TASK TO COMPLETE>
In your copy, leave out the pictures and output only the lines from the one holding "Tiffany & Co." through the end of the data below, exactly.

PROVIDED DATA>
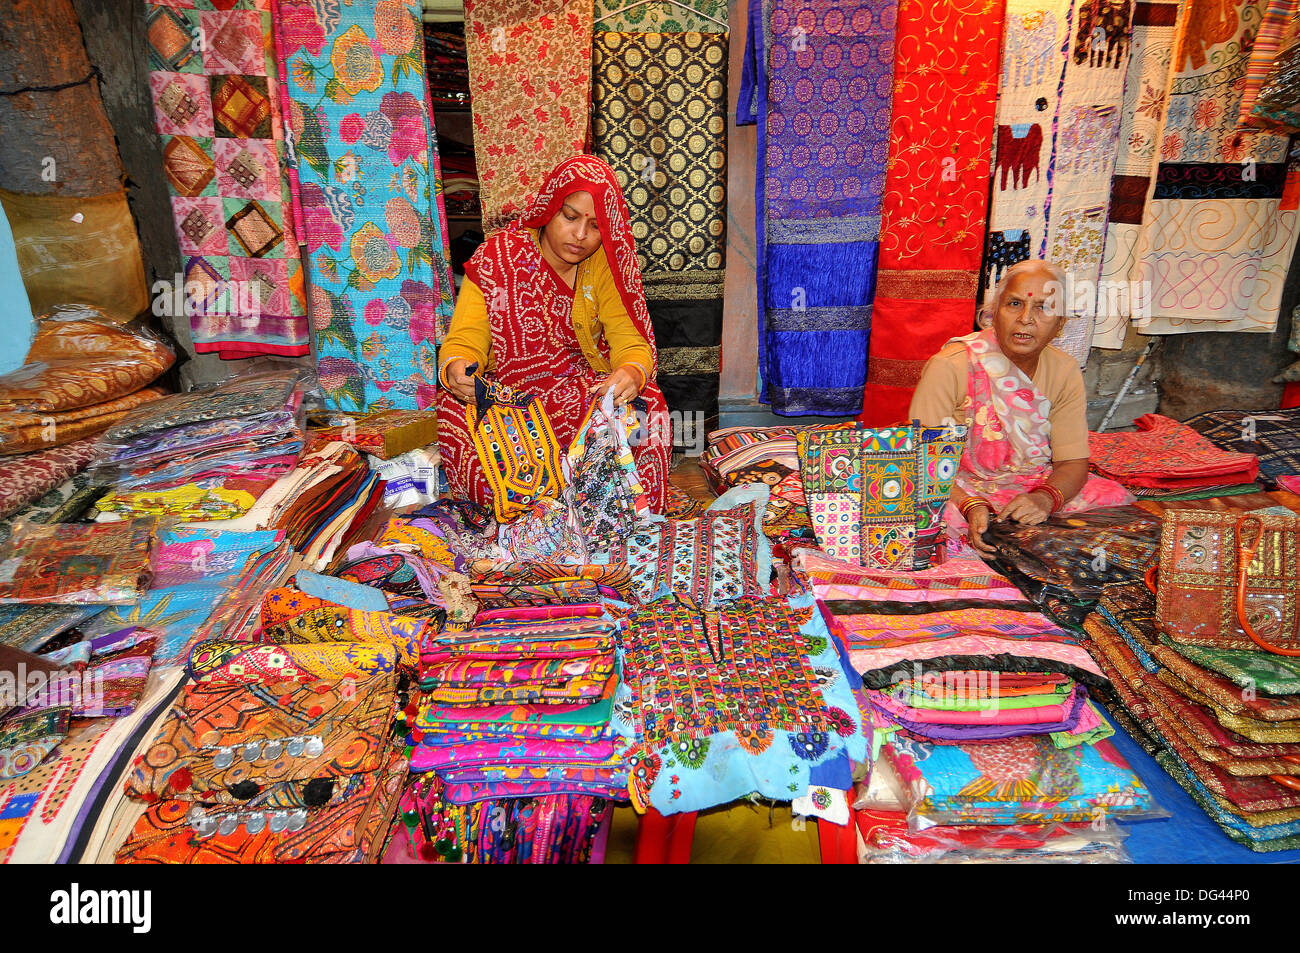 Ladies Purse Wholesale Market In Delhi | Confederated Tribes of the Umatilla Indian Reservation
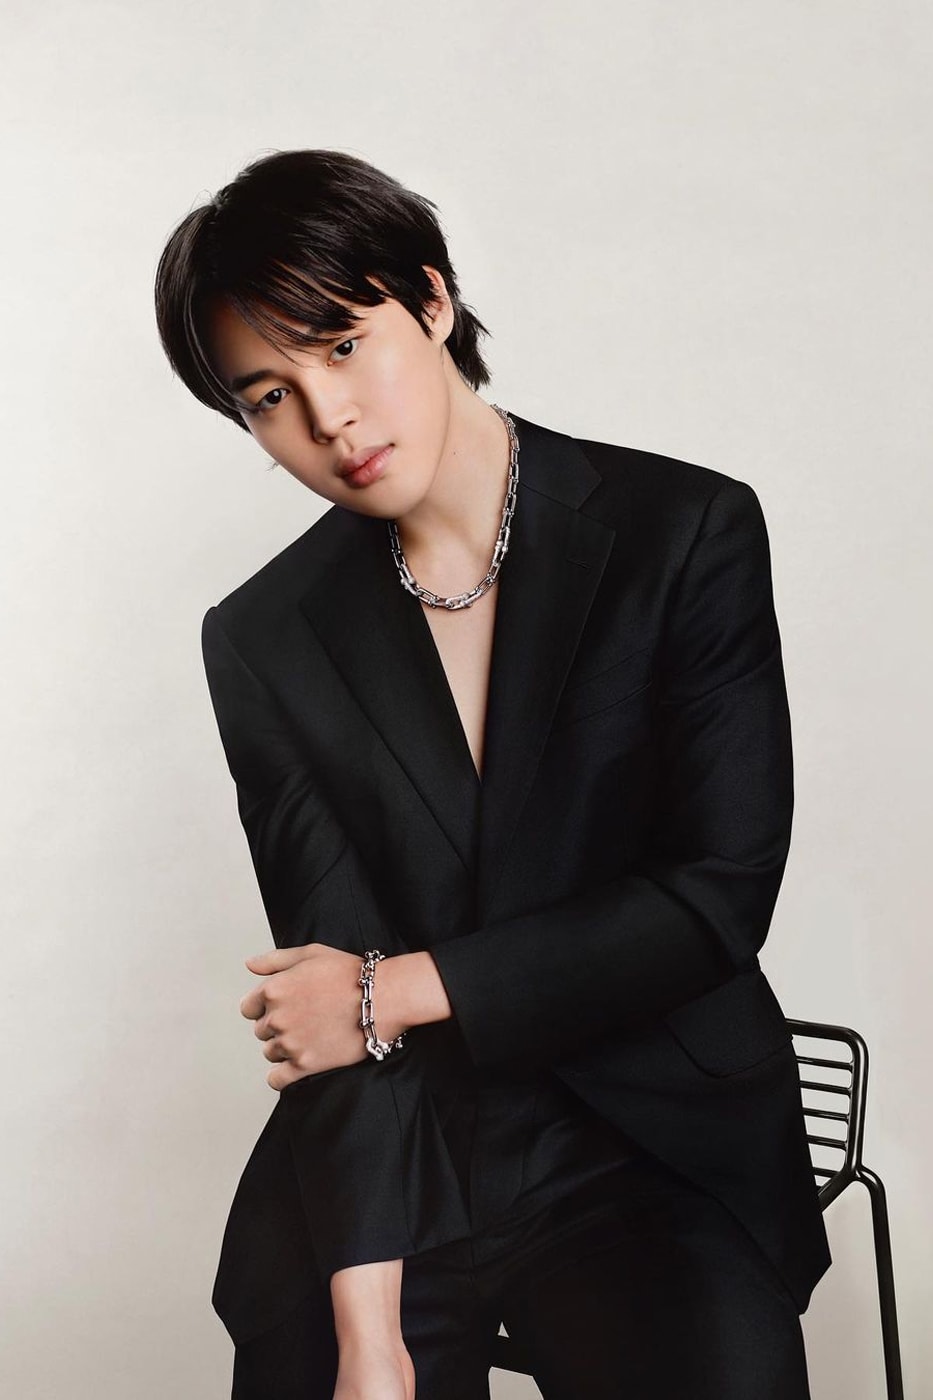 Tiffany & Co. Reveals BTS Jimin's First Campaign
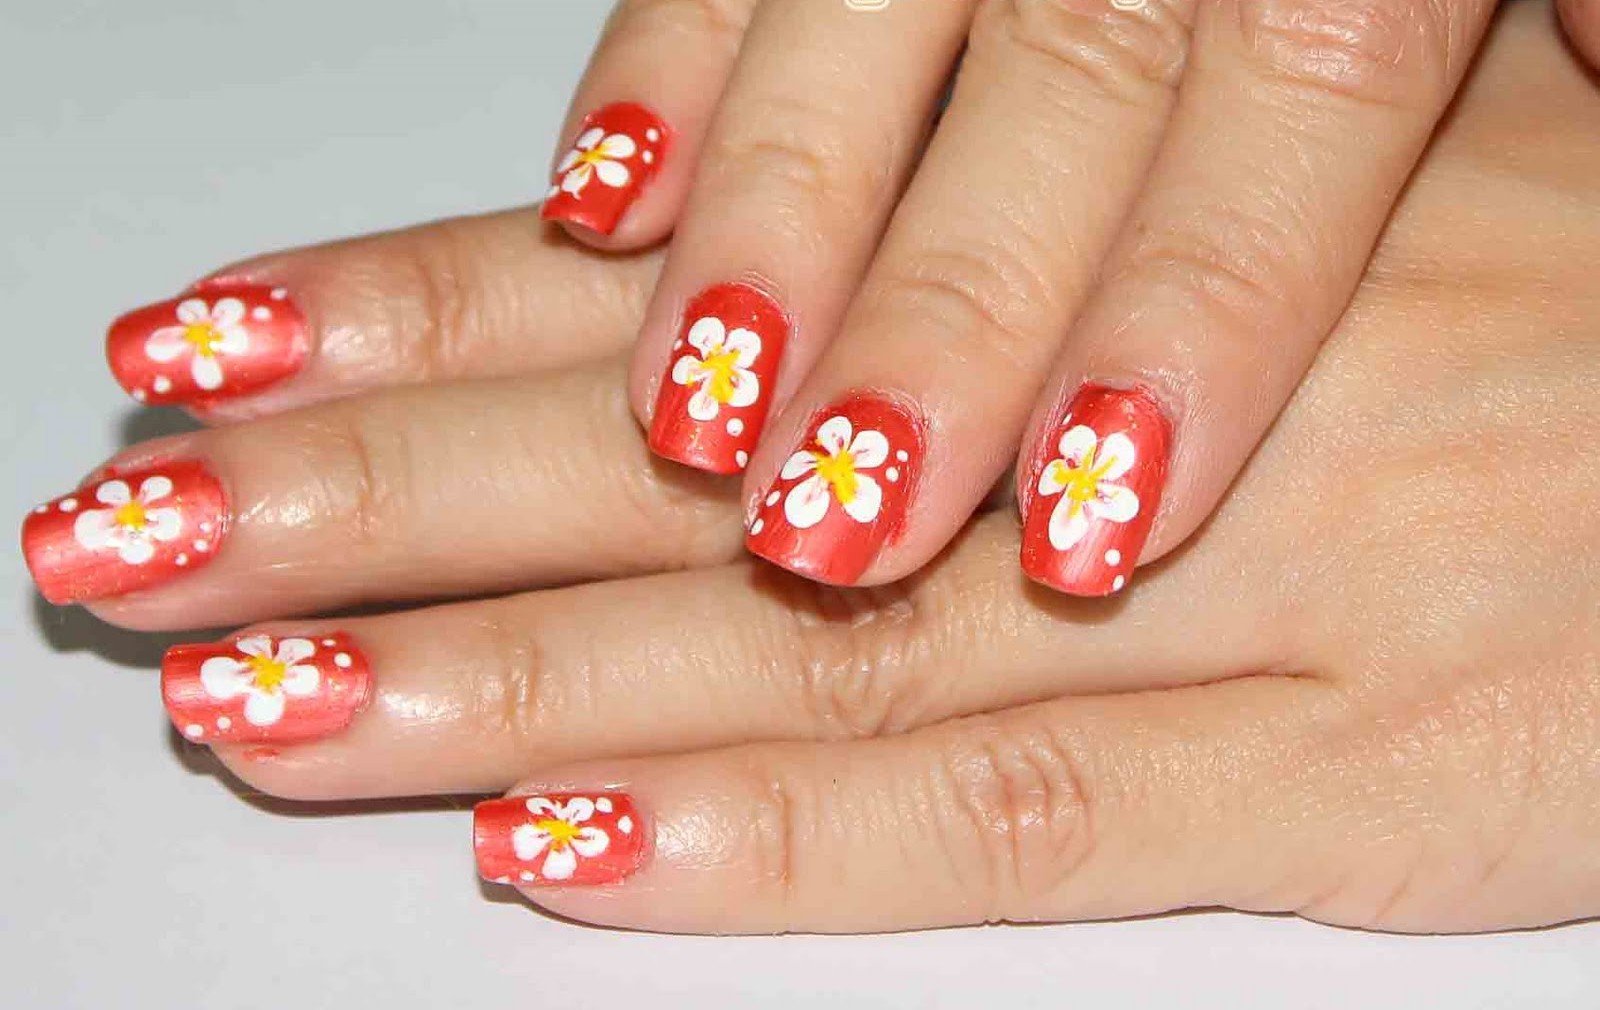 3. "Quick and Easy Nail Art Tutorials" - wide 2
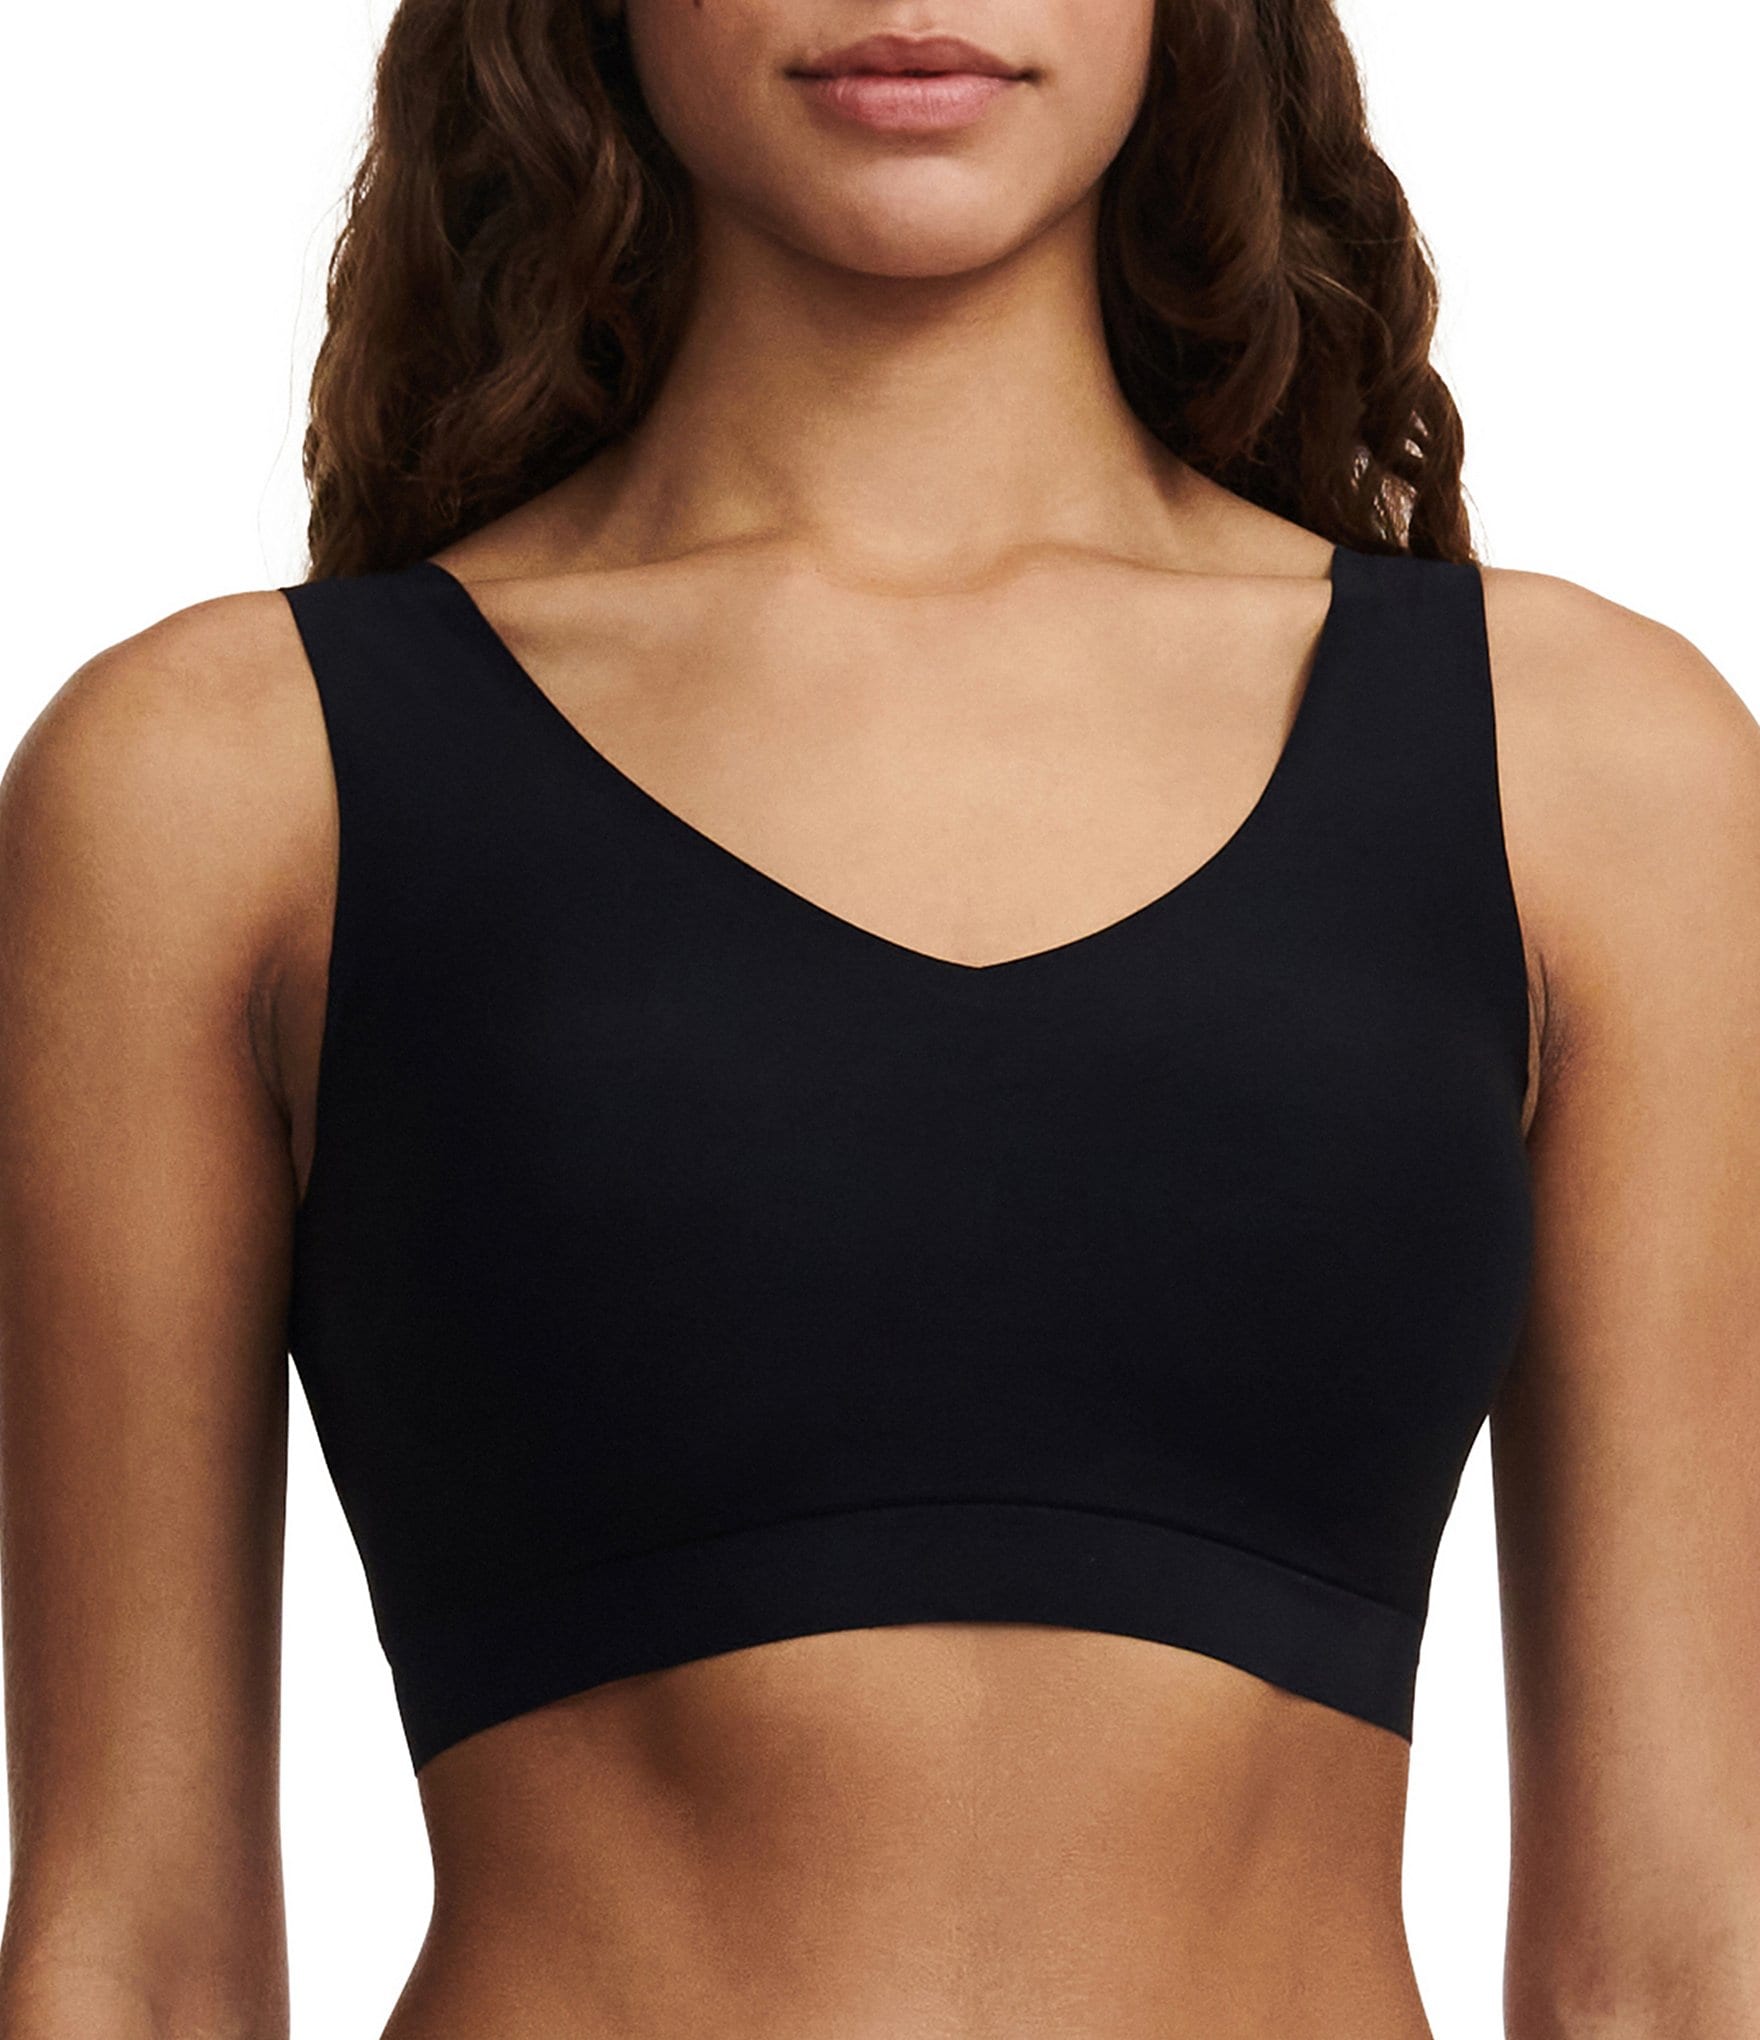 Women's Super-comfy Sable Black Strappy Bra Wireless and Seamless Design  Perfect for Daily Life, Home Working, Sports or Maternity.

SOLVED EXERCISE>
 Tiffany & Co. Reveals BTS Jimin's First Campaign
 3. "Quick and Easy Nail Art Tutorials" - wide 2
 Women's Super-comfy Sable Black Strappy Bra Wireless and Seamless Design  Perfect for Daily Life, Home Working, Sports or Maternity.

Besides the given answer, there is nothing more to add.